The copy should begin at the line containing "Oprah and Barbra" and end at the last line of the material. Please reproduce those lines exactly and keep pictures out.

-- Supplied data follows --

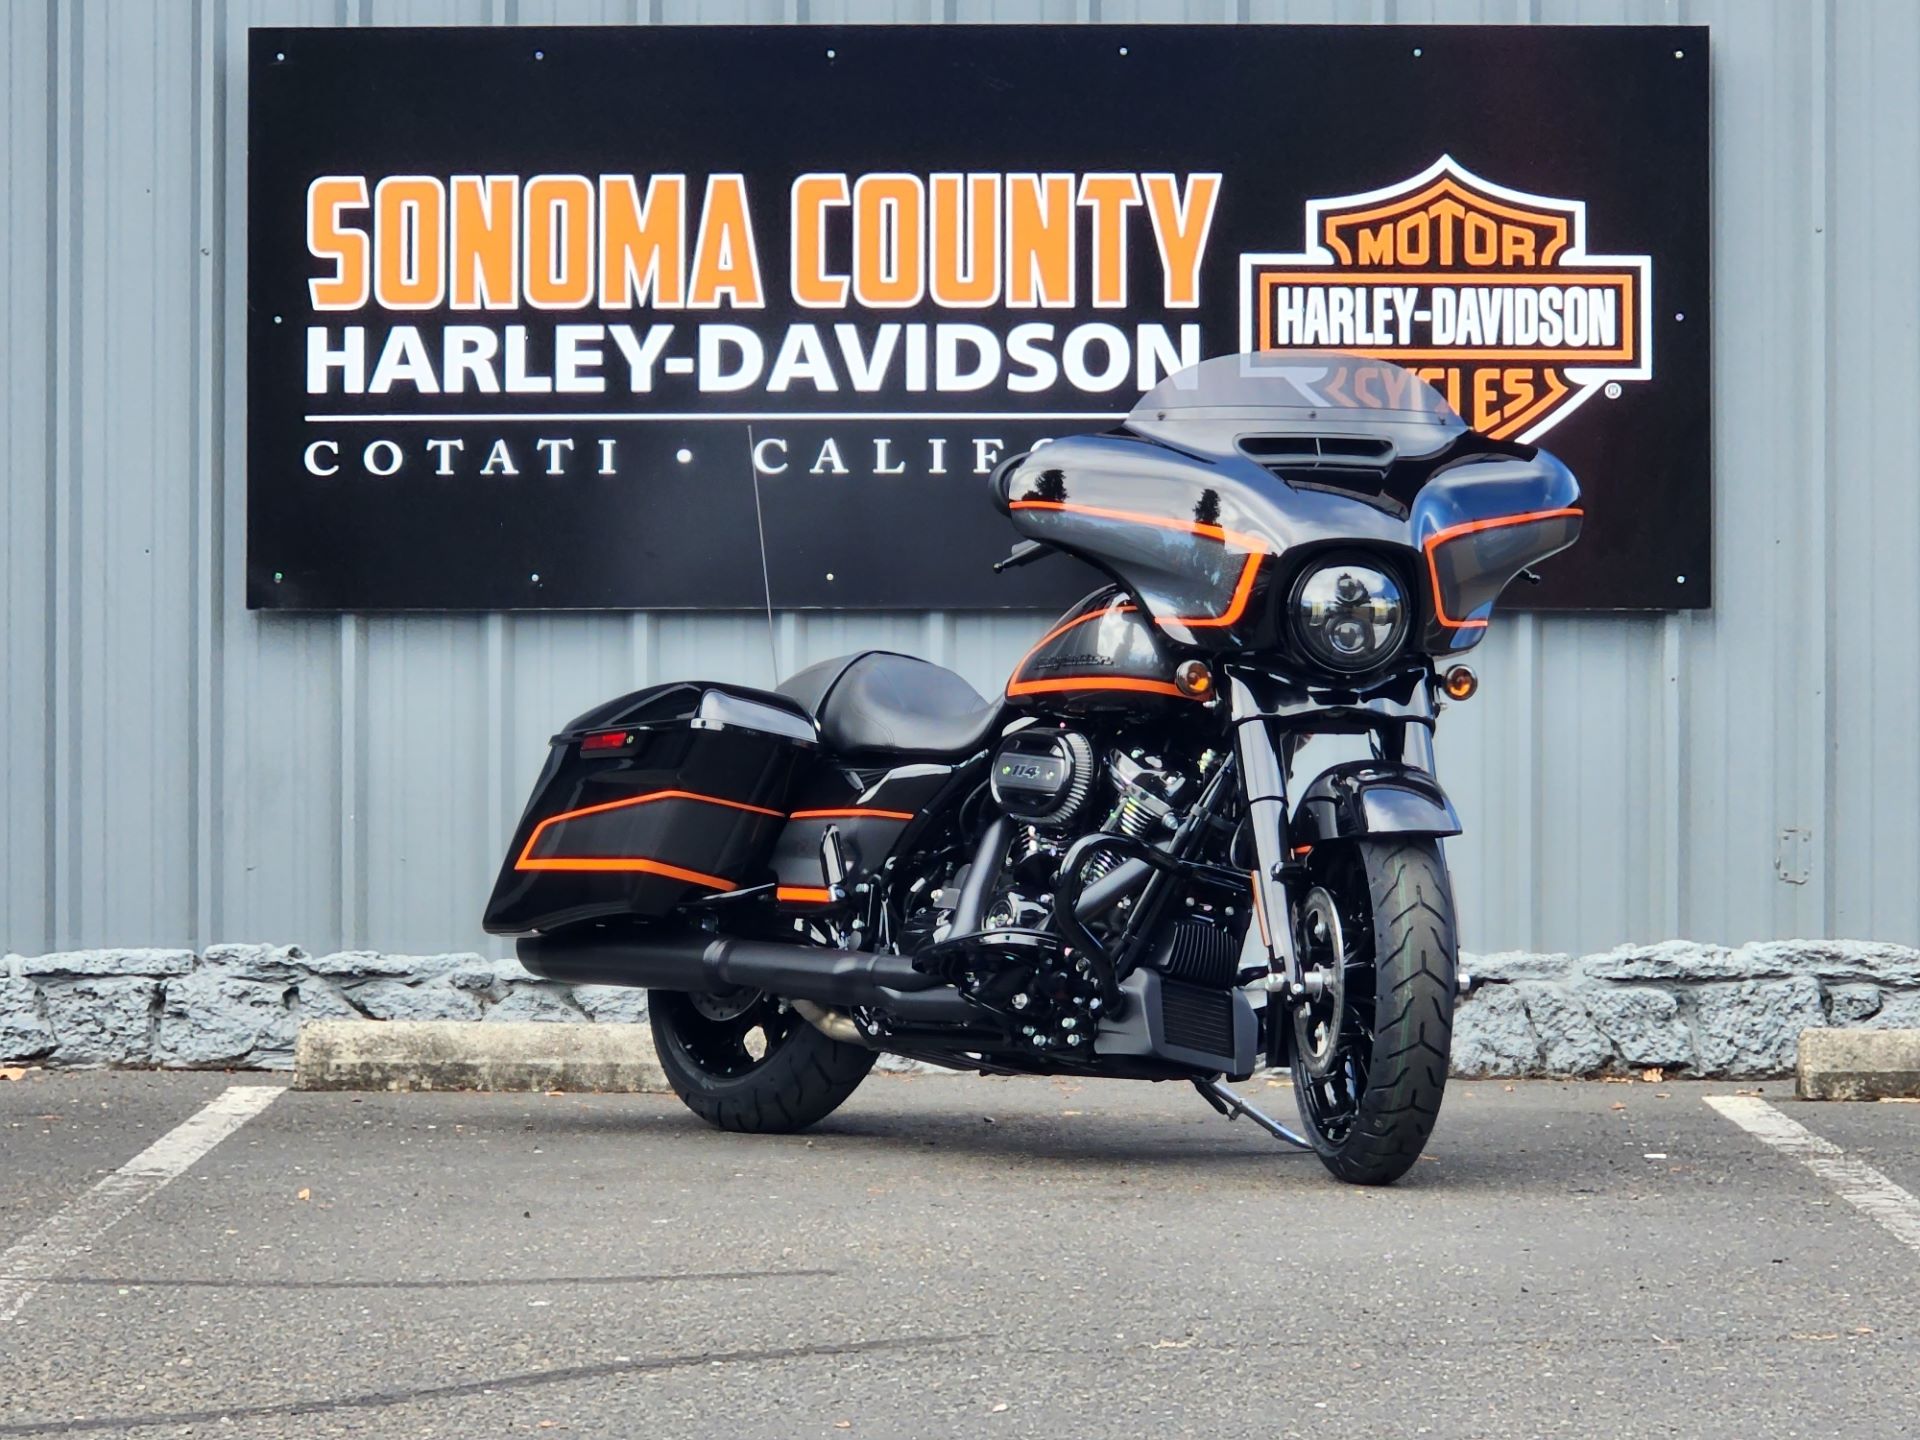 2022 Harley-Davidson Street Glide® Special in Cotati, California - Photo 2
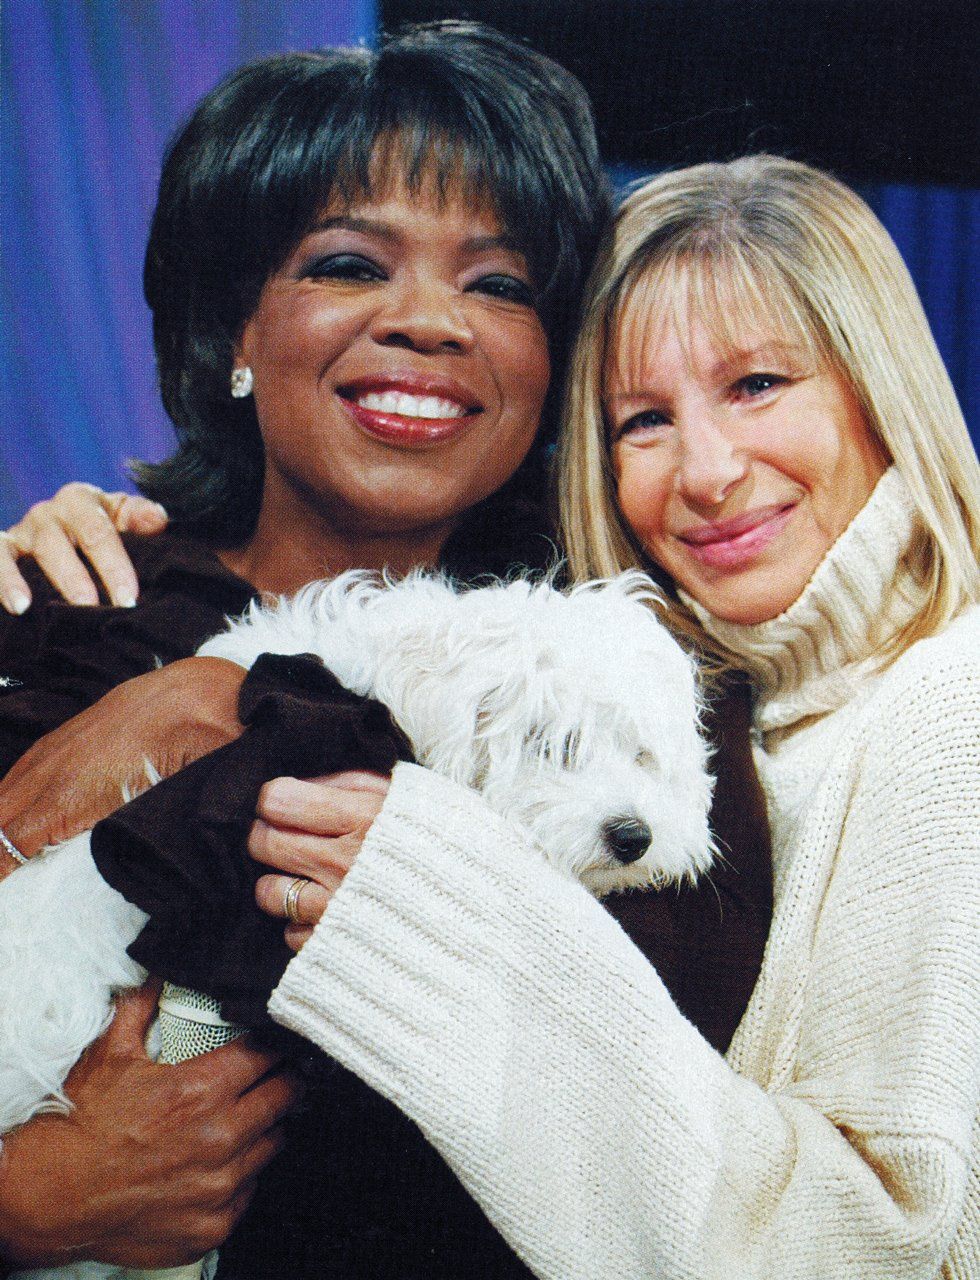 Oprah and Barbra pose with Barbra's dog, Sammie.
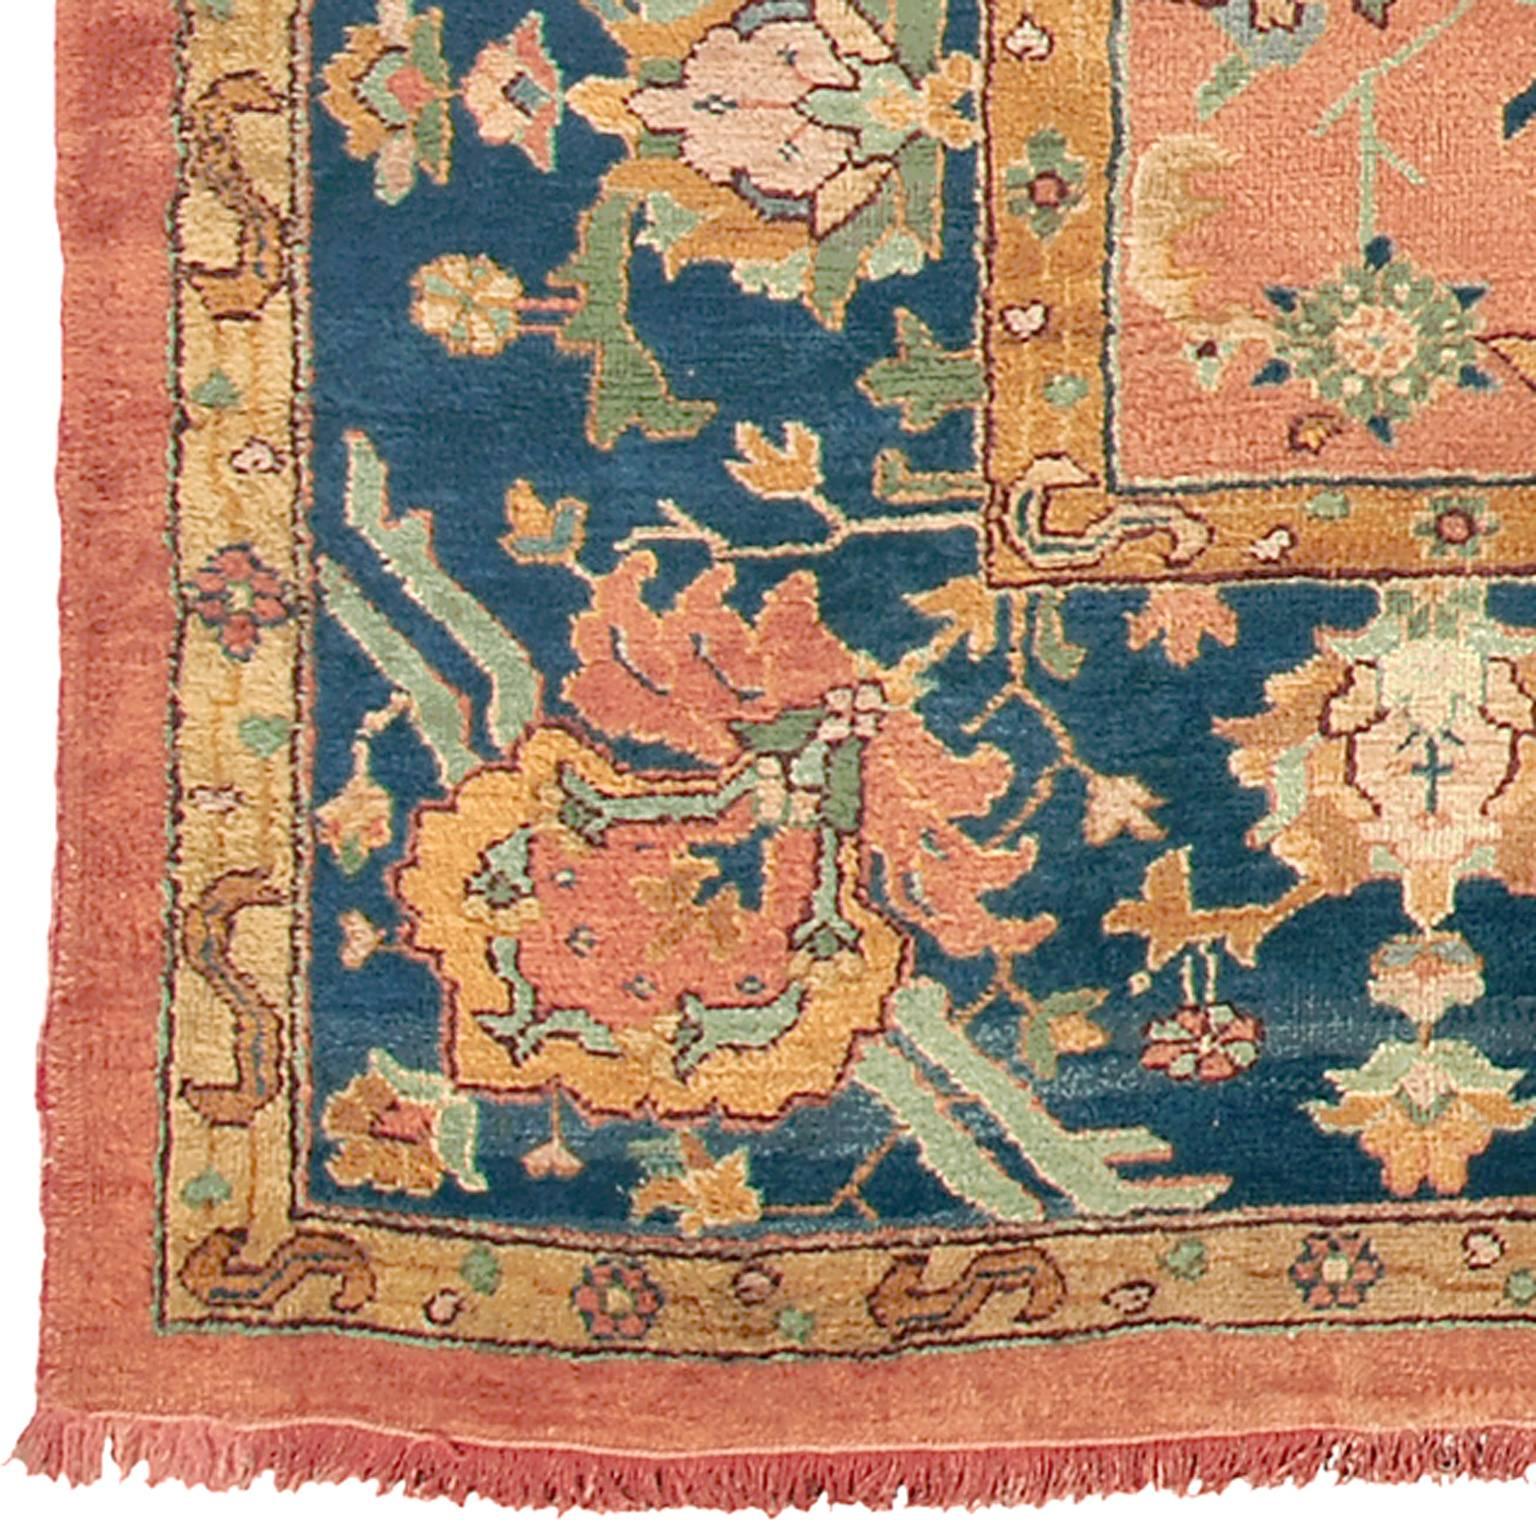 Early 20th century Oushak carpet.

-- Supplied data concluded --

Exercise solution:
 Oprah and Barbra pose with Barbra's dog, Sammie.
 Early 20th century Oushak carpet.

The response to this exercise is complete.